To help maintain the bridge between the community and the oil companies, some businesses, such as Pioneer Natural Resources, attend the annual Naluqatak festivals each summer. Pioneer provides a barbeque at the event that celebrates the yearly whale harvest. Dale Hoff, a senior land manager with Pioneer, says they also require all of the workers to attend orientation sessions about the local culture, whaling, and sensitive parts of the Arctic environment.
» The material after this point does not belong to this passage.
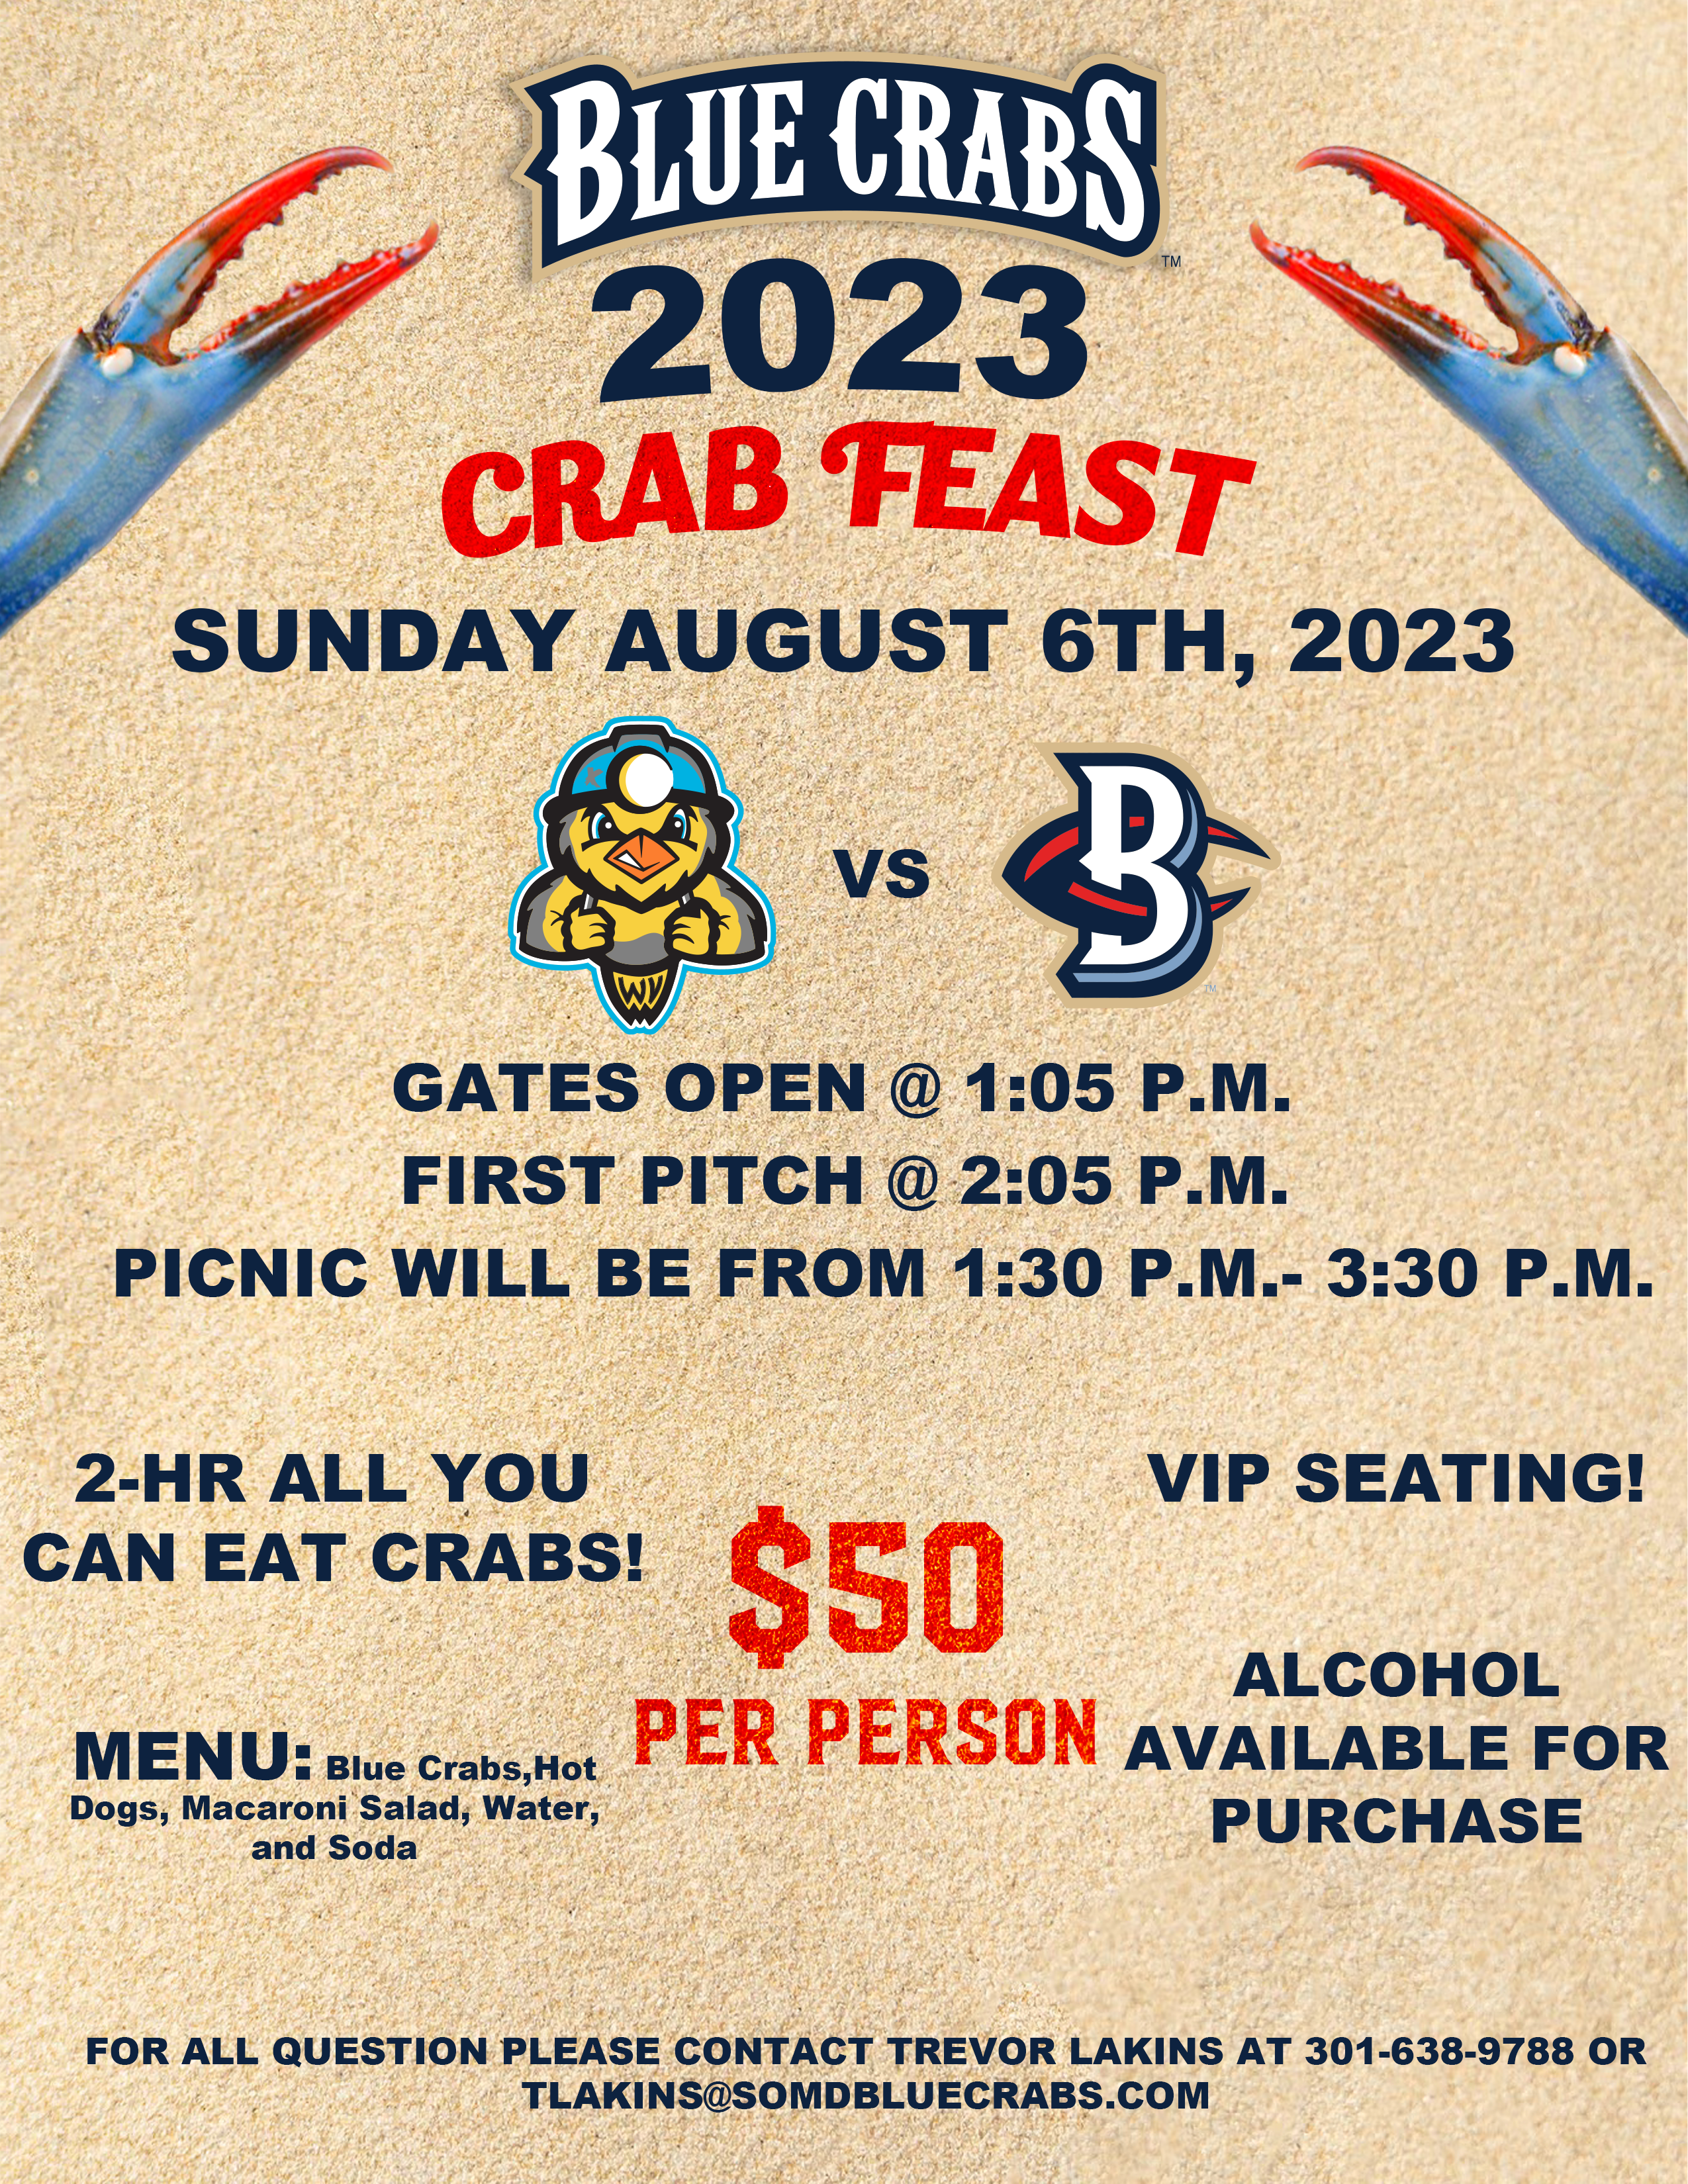 2023 All-You-Can-Eat Crab Feast!

“It’s important to our company because really the people of Nuiqsut are our closest neighbors. We’re about 25 miles away from their village, which seems far for other people but in the Arctic it’s pretty close. And we’d like to maintain the respect for the community here as well as help them understand what we do. We’ve had people come out to the island. We have a good working relationship with the village,” Hoff said.

As Lydia Sovolok sat waiting for her whale and for her hamburger at Nalukataq, she reflected on life when she first returned to the area.

“People always go caribou hunt, share the food, give some to people when they get caribou meat. We help each other,” Sovolok said.

She says the caribou hunting has changed – the herd has to travel different routes to avoid the pipelines – but the sharing at Naluqatak continues.